Solar windfall more than offsets emissions from lifting oil ban: Solar group

The solar industry says tax credits included in a spending bill that passed Congress Friday would more than offset the carbon emissions of lifting the oil export ban also included in the measure.

Approximately “10 million metric tons … will come from lifting the oil export ban,” while use of solar energy through 2020 will more than offset those greenhouse gas emissions, Rhone Resch, president of the Solar Energy Industry Association, said on a call with reporters. Solar subsidies will reduce 100 million metric tons of carbon dioxide, while placing the U.S. “in first place as a global leader” in solar energy and emissions reduction.

Environmentalists have strongly opposed lifting of the 40-year-old oil export ban in recent days, given President Obama’s commitment to a global climate change accord reached Saturday in Paris. Resch says the solar industry does not take a formal position on the export ban, but is pointing out the emissions offsets of the solar credits.

The spending bill extends the Investment Tax Credit for solar installations five years, but begins phasing out the subsidies beginning in 2020.

The credit will help states comply with President Obama’s Clean Power Plan to reduce greenhouse gas emissions, such as carbon dioxide, from the nation’s existing fleet of power plants, Resch said.

The credit “becomes a bridge to the Clean Power Plan’ by allowing the industry to continue to reduce the cost of solar energy as the emission regulations are being implemented. He said states looking to comply with the plan “need to understand the value of solar as they are putting together their state mechanisms” to comply. Ultimately, “the [solar credit] makes it easier to comply with the Clean Power Plan.” Most scientists blame greenhouse gases emitted from the burning of fossil fuels for driving manmade climate change.
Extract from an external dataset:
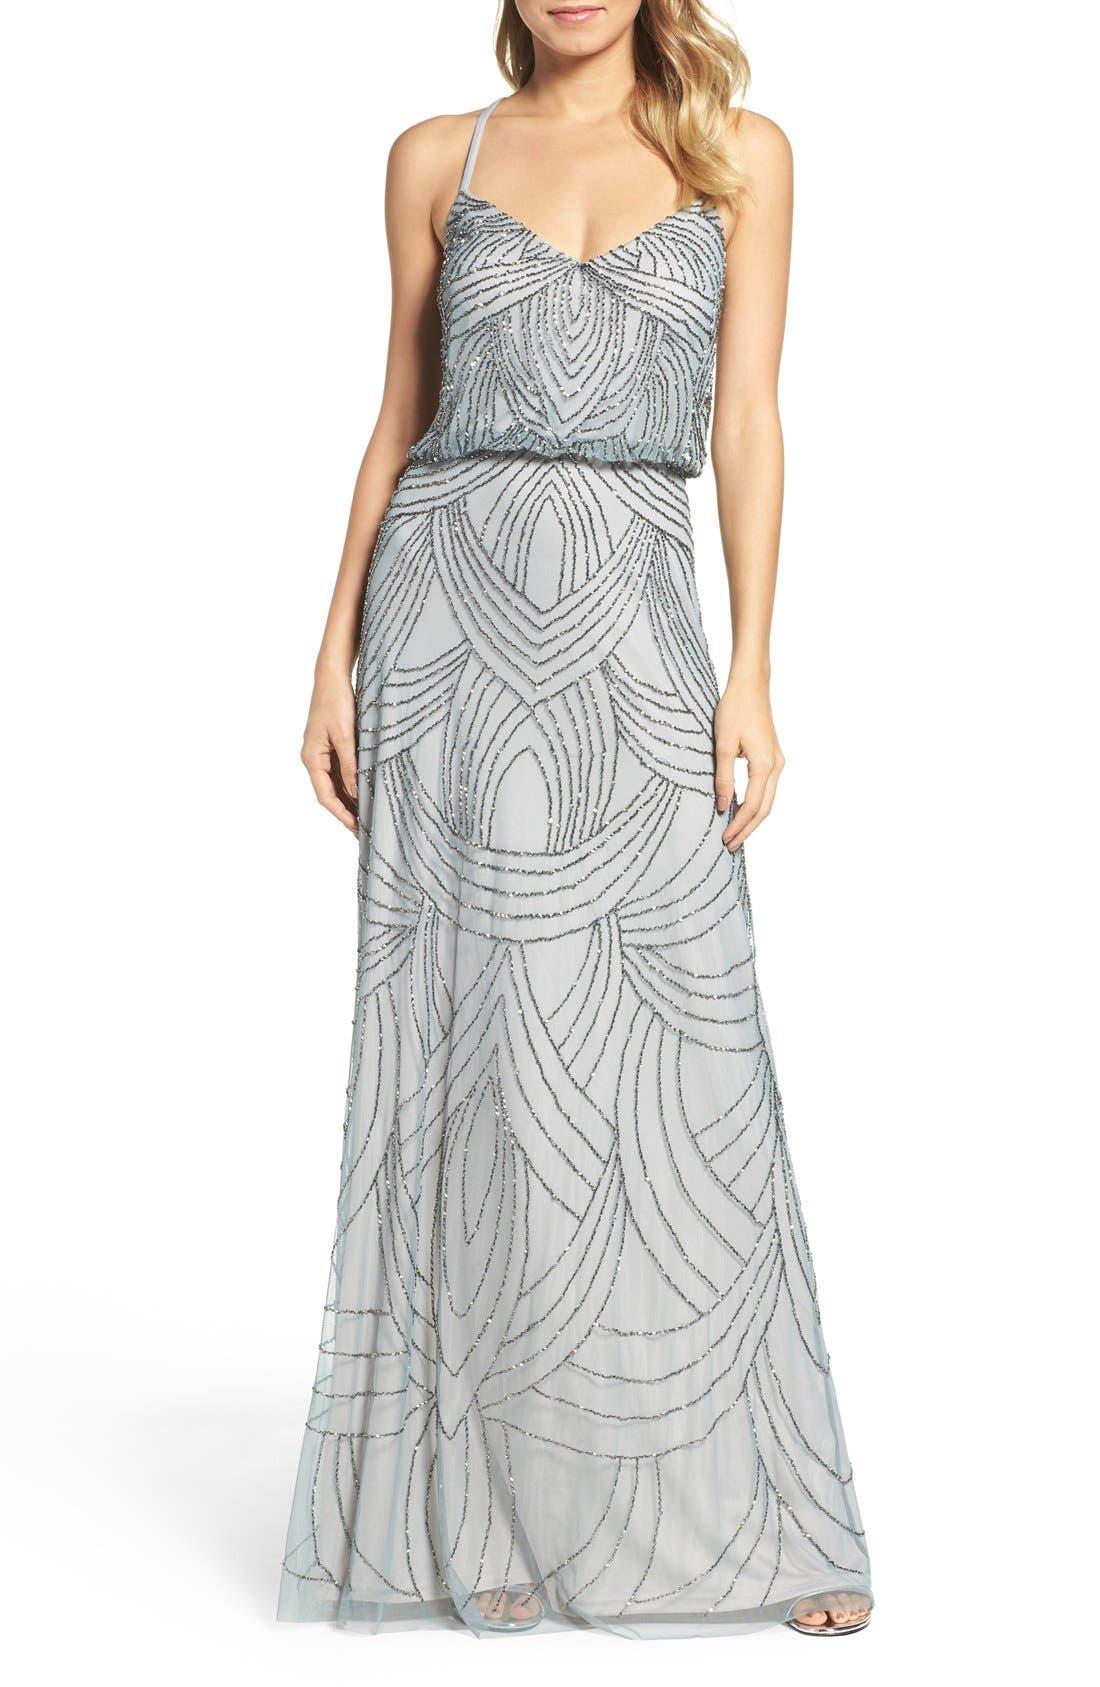 Adrianna Papell Beaded Chiffon Blouson Gown

Resch said the subsidies will inject $30 billion into the economy by 2020, adding 20 gigawatts annually of low-carbon electricity to the grid, while creating 420,000 jobs and doubling the size of the industry. That will make solar “almost the same size as the utility industry” is today. He also said the subsidies will ensure the industry hits its goal of hiring 50,000 veterans by 2020.

Under the current program, credits would drop from 30 percent of the project cost to 10 percent in 2017. Under the next omnibus program, the credit will stay at 30 percent until the end of 2019 and then slowly begin to drop to 26 percent in 2020, 22 percent in 2021, and finally 10 percent in 2022, but that will apply only to larger projects. Credits for residential solar will be zeroed out in 2022.
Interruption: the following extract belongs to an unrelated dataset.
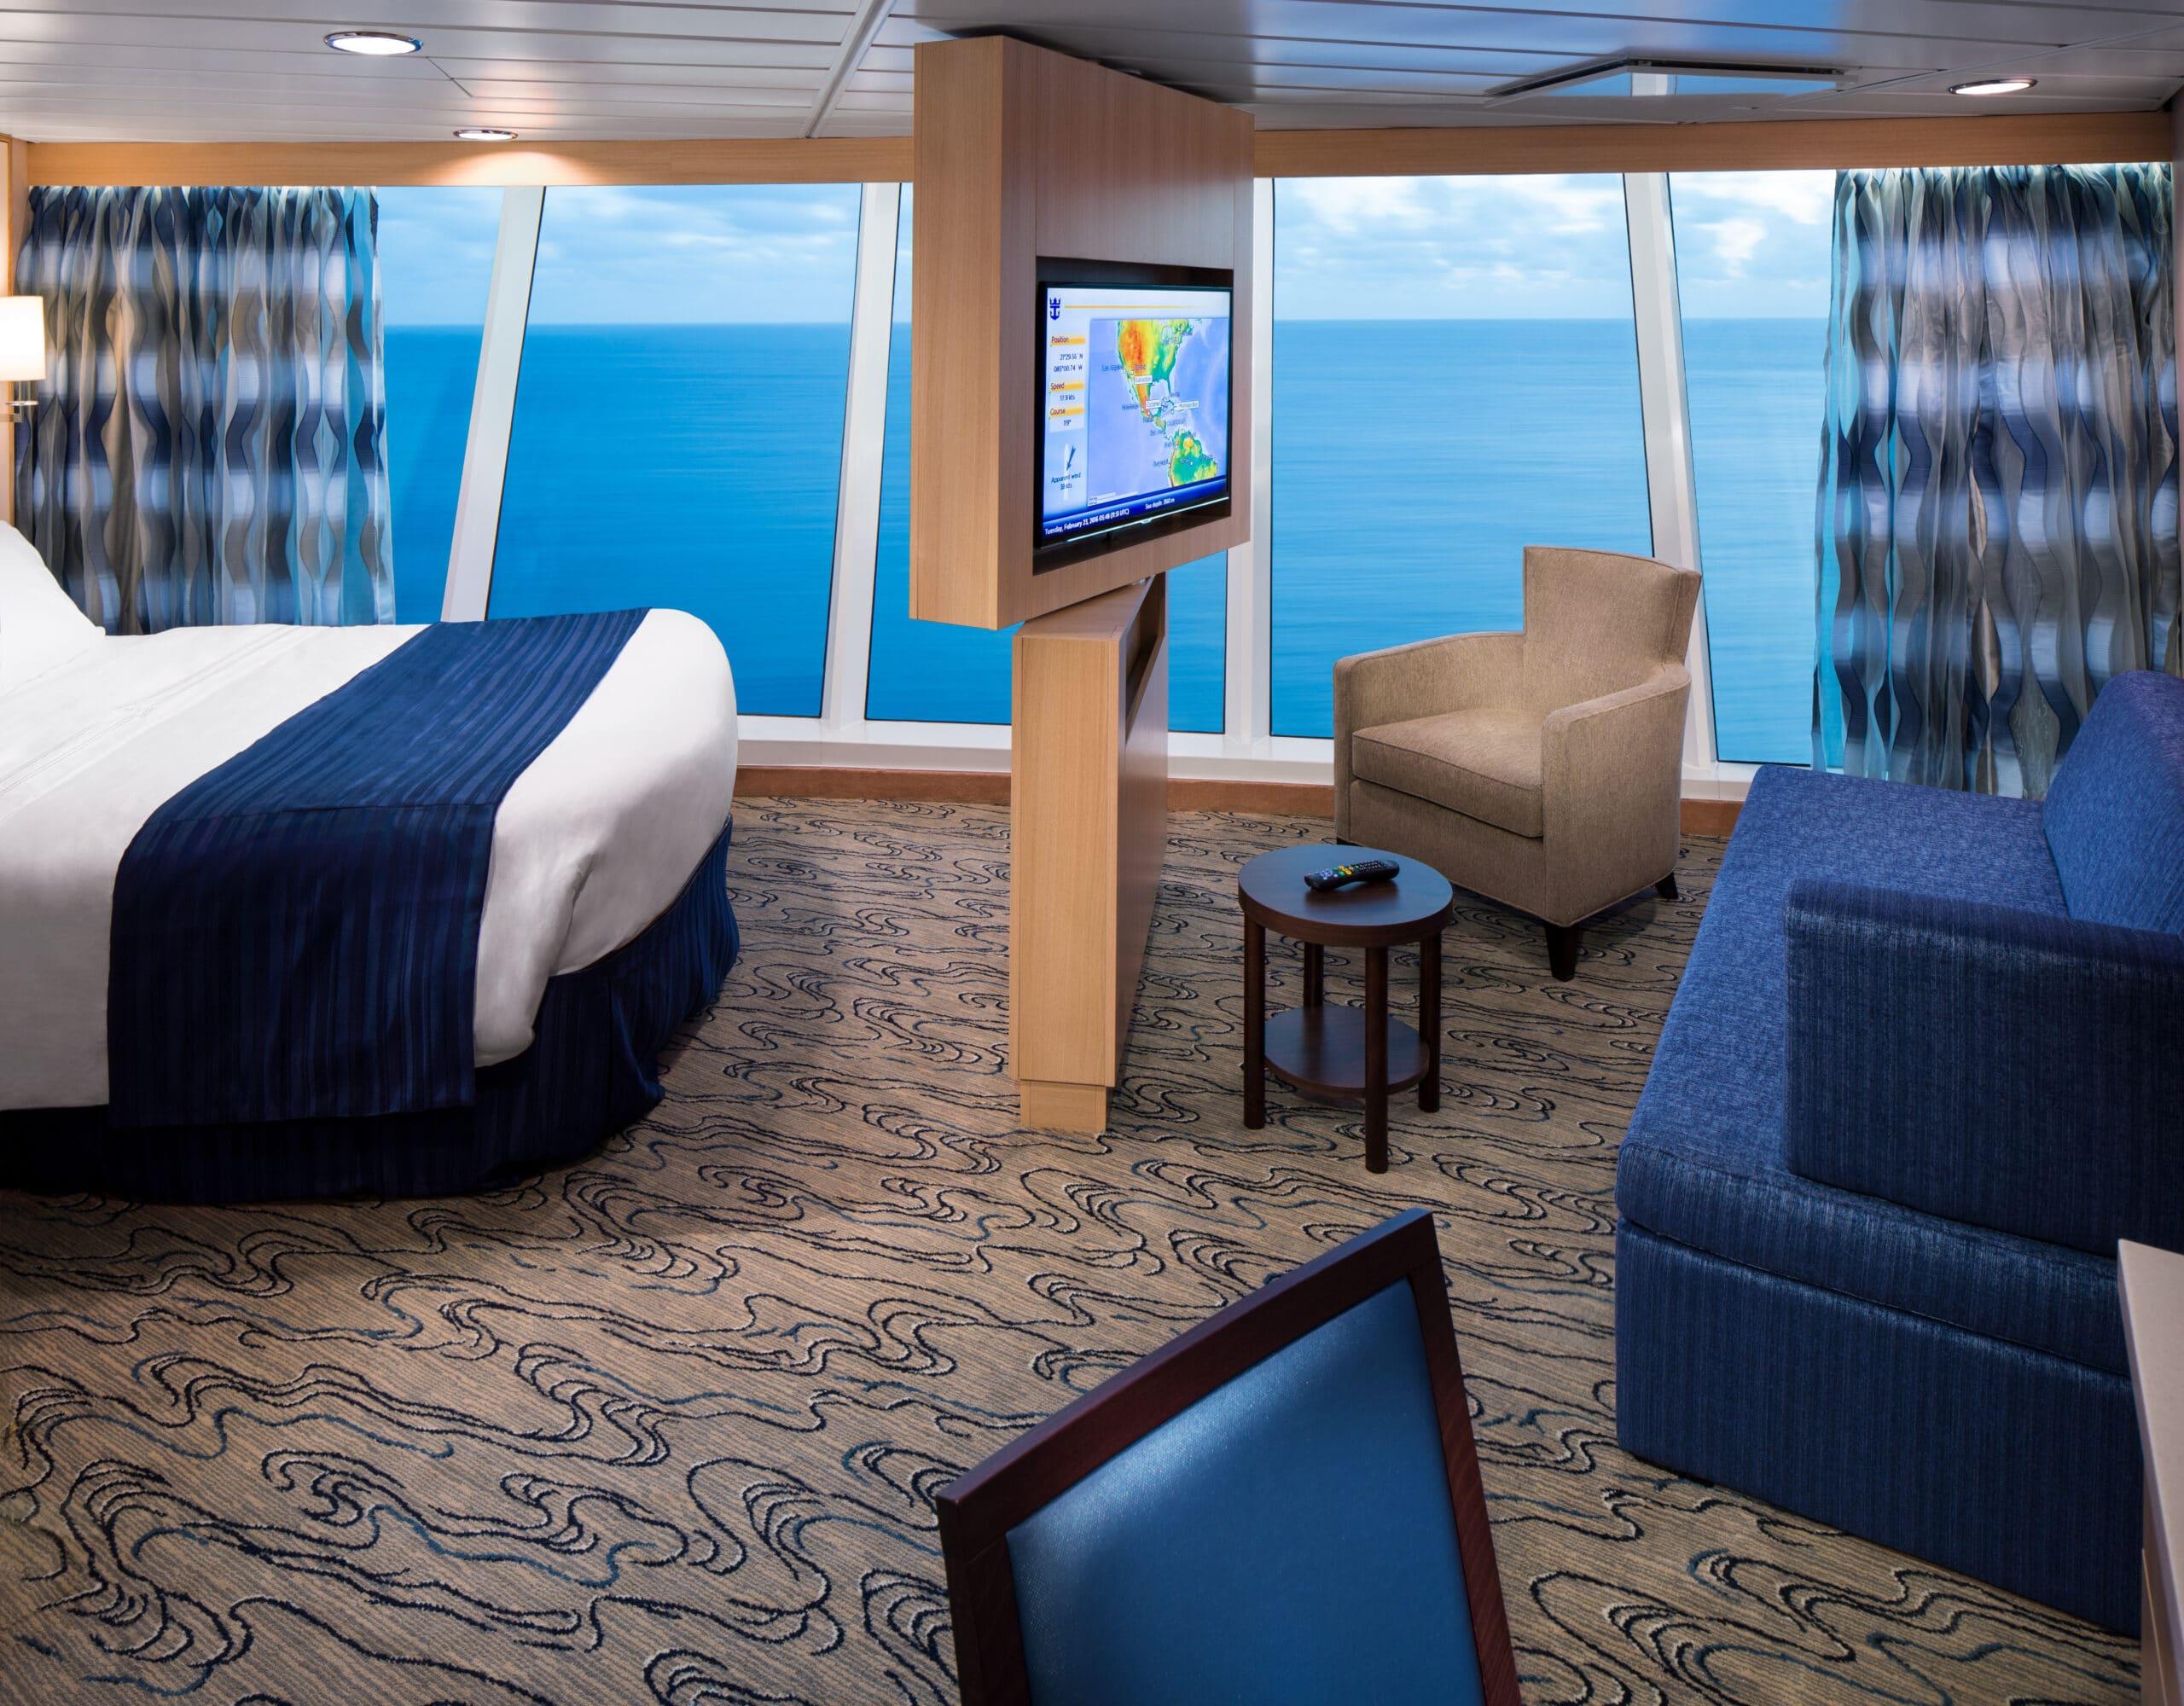 Royal-Caribbean-International-Freedom-of-the-Seas-Liberty-of-the Seas-Independence-of-the-seas-schip-cruiseschip-categorie VP-Panorama Suite

Solar installations are projected to increase 54 percent through 2020 as a result of the five-year extension of the federal Investment Tax Credit, according to consultants GTM Research, which released its economic analysis for the industry earlier this week.

The company’s forecast shows the extension fostering $40 billion in incremental investment in solar between 2016 and 2020. The tax credit extension “will result in a 20 gigawatt annual solar market in the U.S. by 2020,” says Shayle Kann, GTM’s senior vice president. “At that rate, more solar will be installed each year than was added to the grid cumulatively through 2014.” The biggest growth will be in utility-scale solar projects, as opposed to residential rooftops, GTM reports. Utility projects will see 73 percent more solar projects built by 2020.